Data shown START
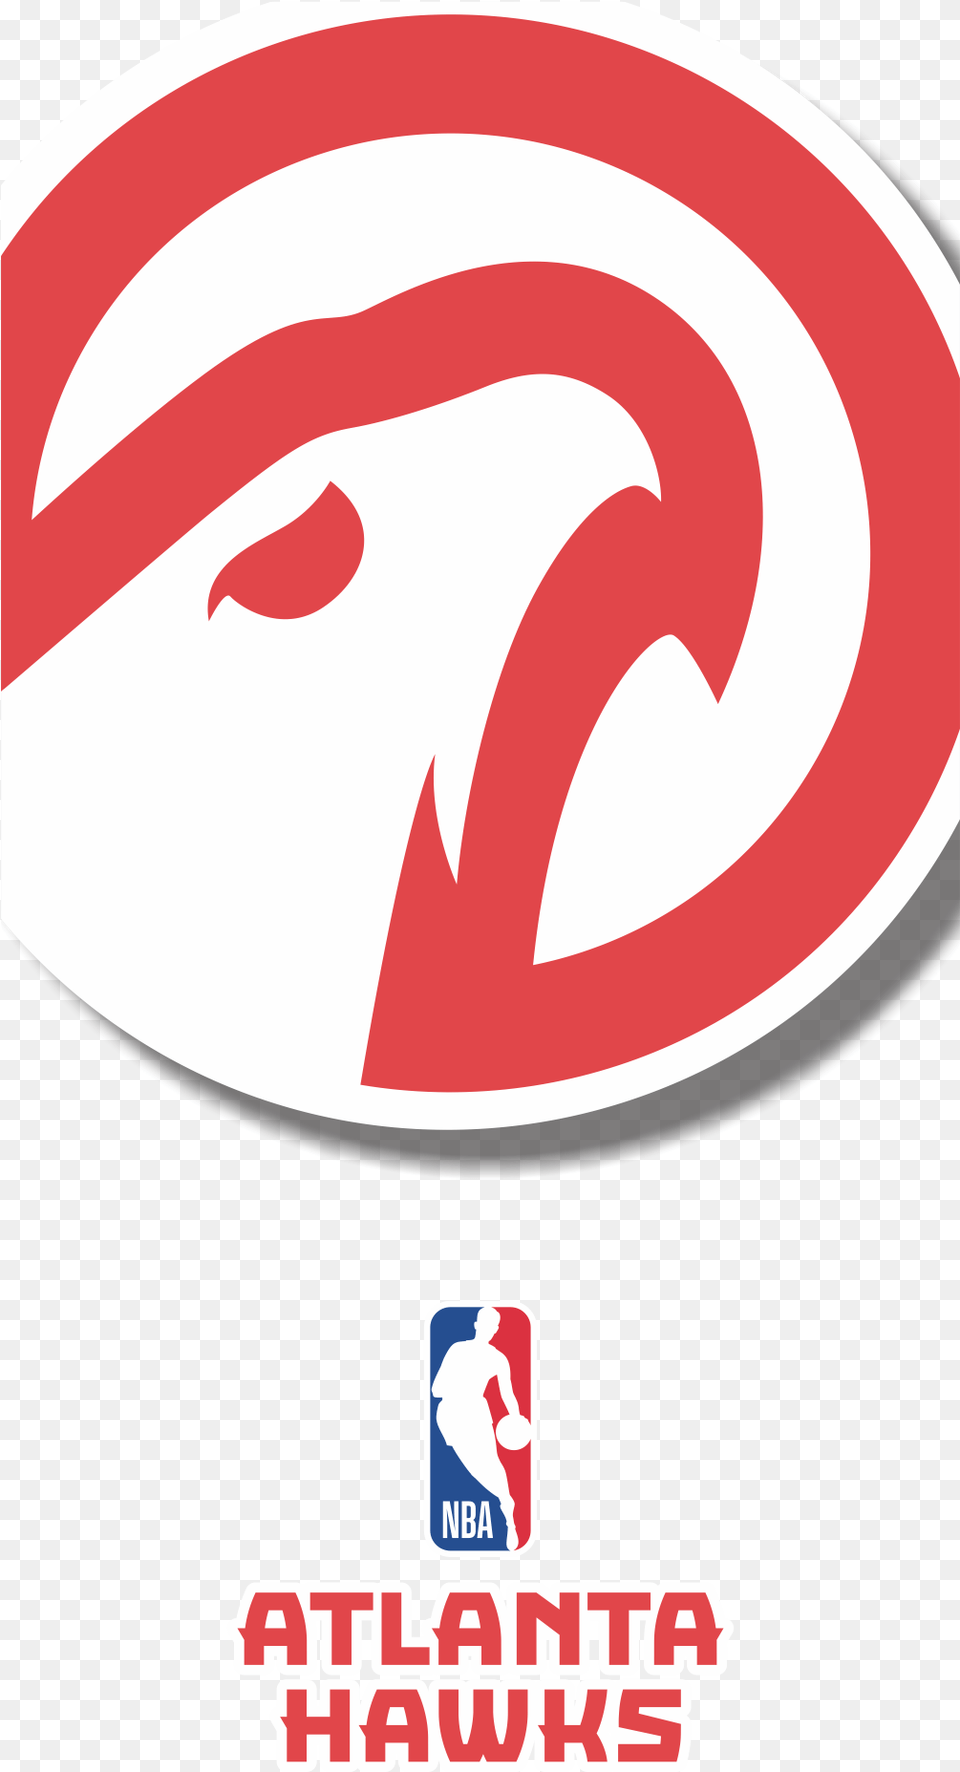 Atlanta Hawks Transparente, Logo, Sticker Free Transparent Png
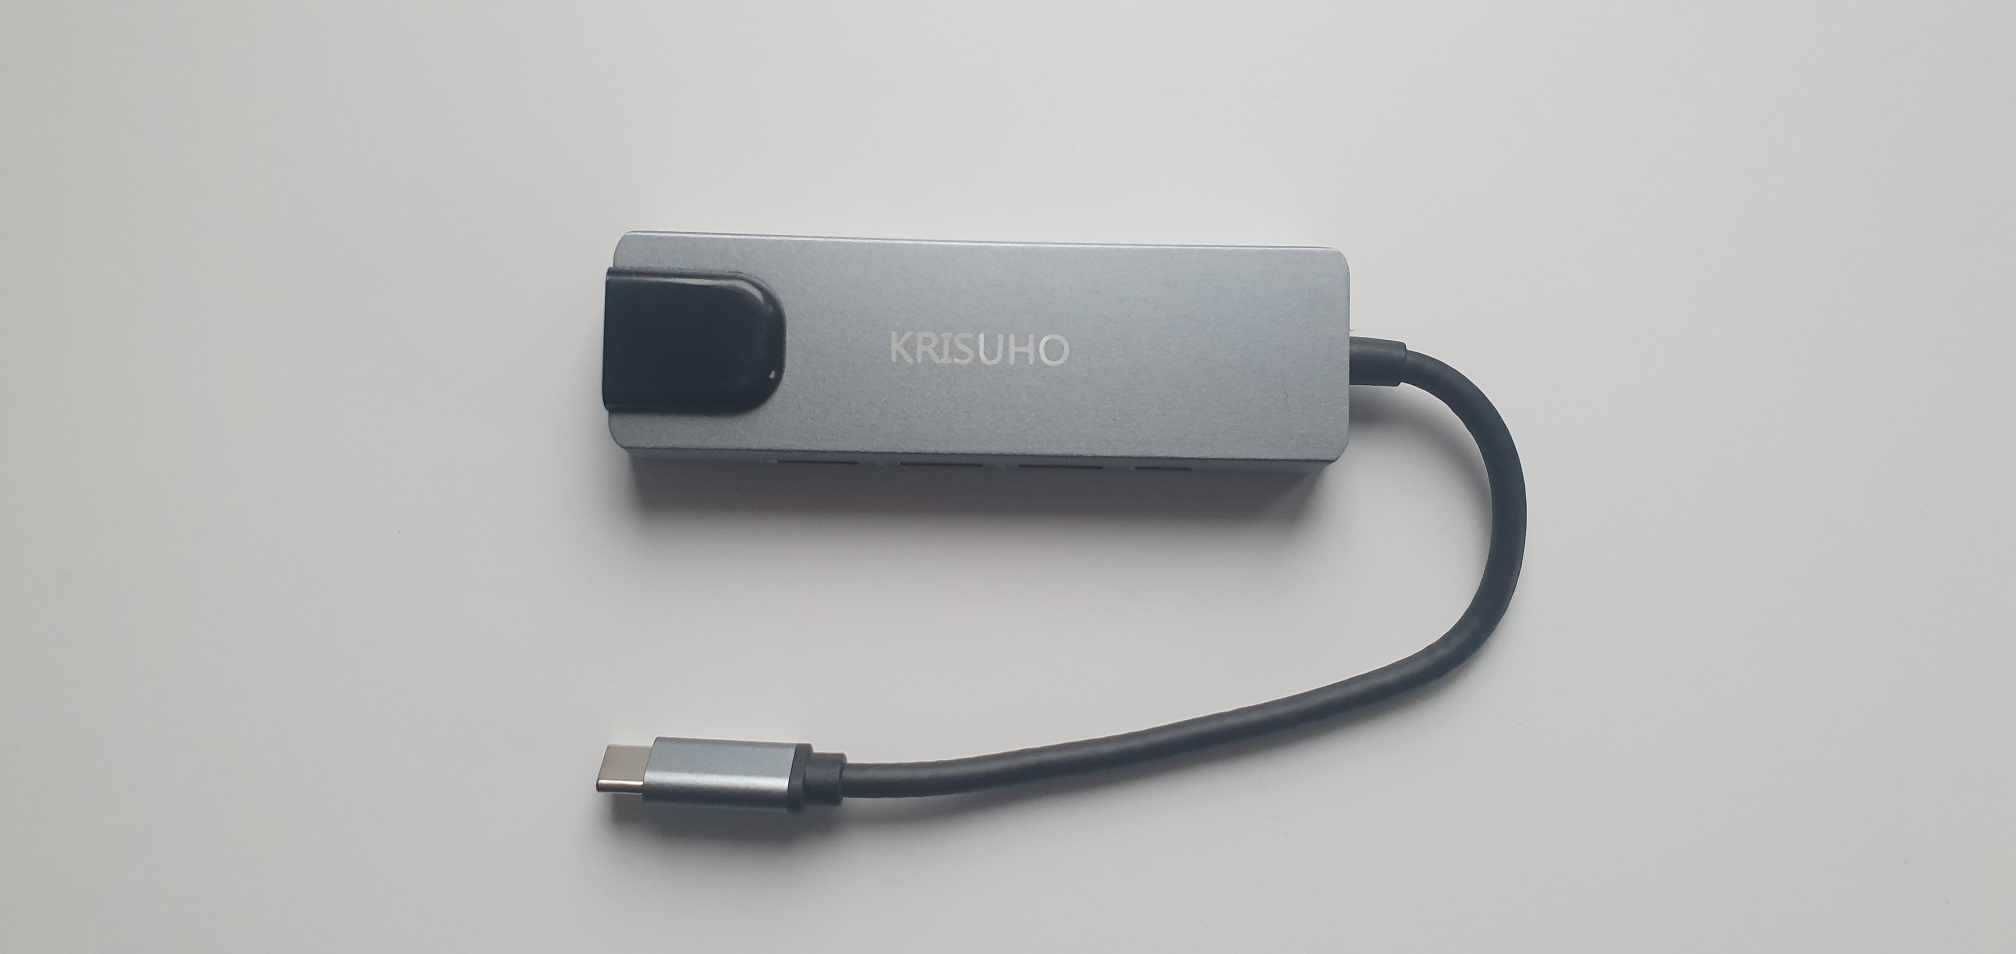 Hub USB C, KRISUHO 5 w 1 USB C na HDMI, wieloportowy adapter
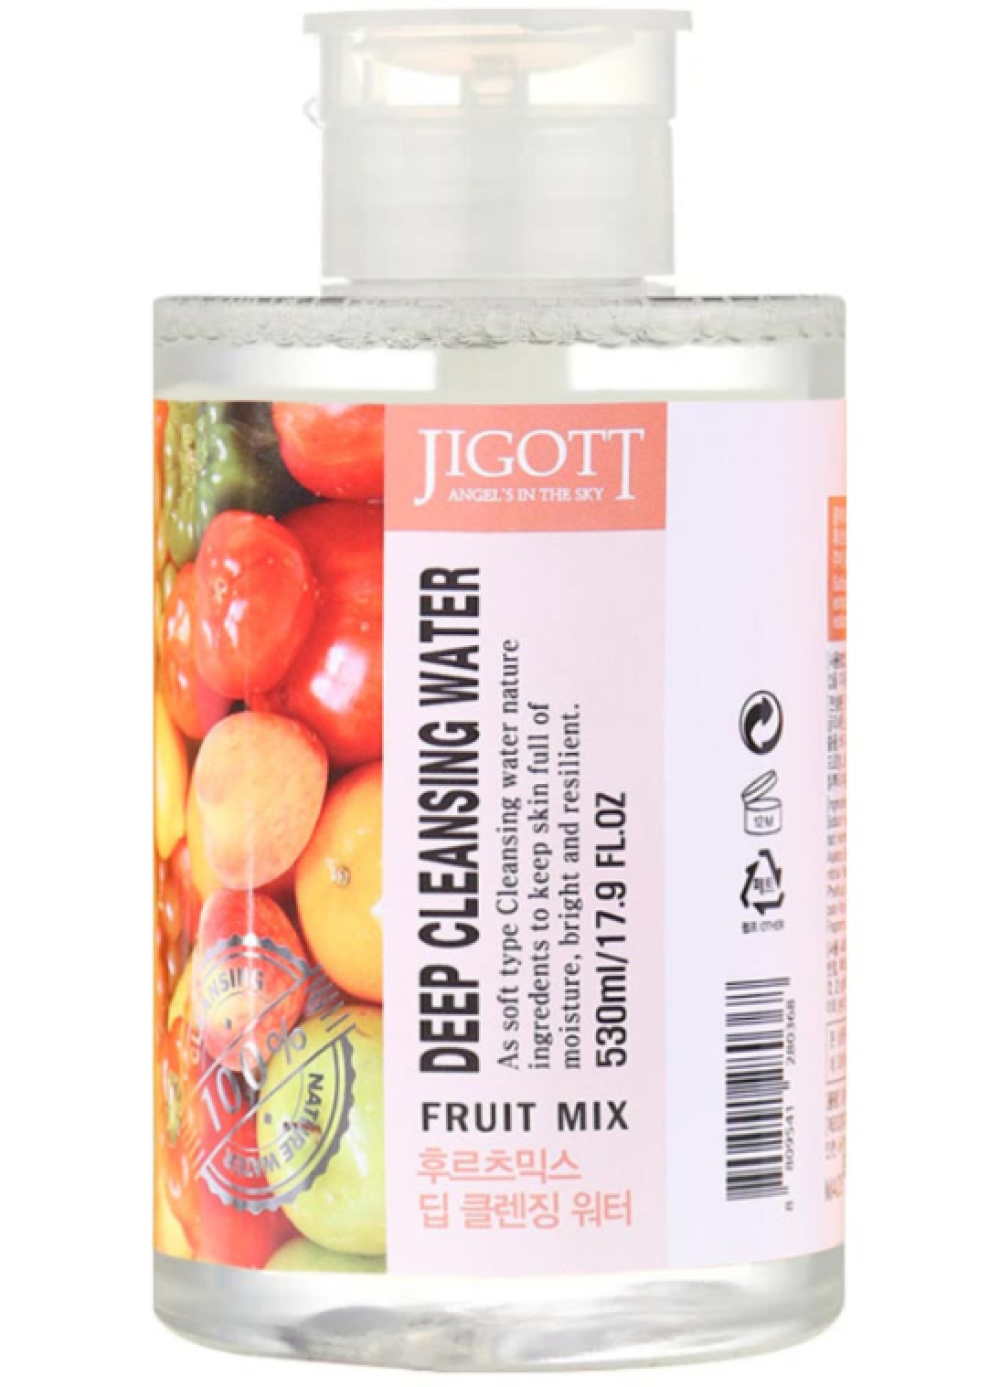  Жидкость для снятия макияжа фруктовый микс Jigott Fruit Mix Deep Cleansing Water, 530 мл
Data shown END
#### Task to carry out
Everything in the listing must be copied exactly except the pictures.

#### Reply to the exercise
 Atlanta Hawks Transparente, Logo, Sticker Free Transparent Png
 Hub USB C, KRISUHO 5 w 1 USB C na HDMI, wieloportowy adapter
  Жидкость для снятия макияжа фруктовый микс Jigott Fruit Mix Deep Cleansing Water, 530 мл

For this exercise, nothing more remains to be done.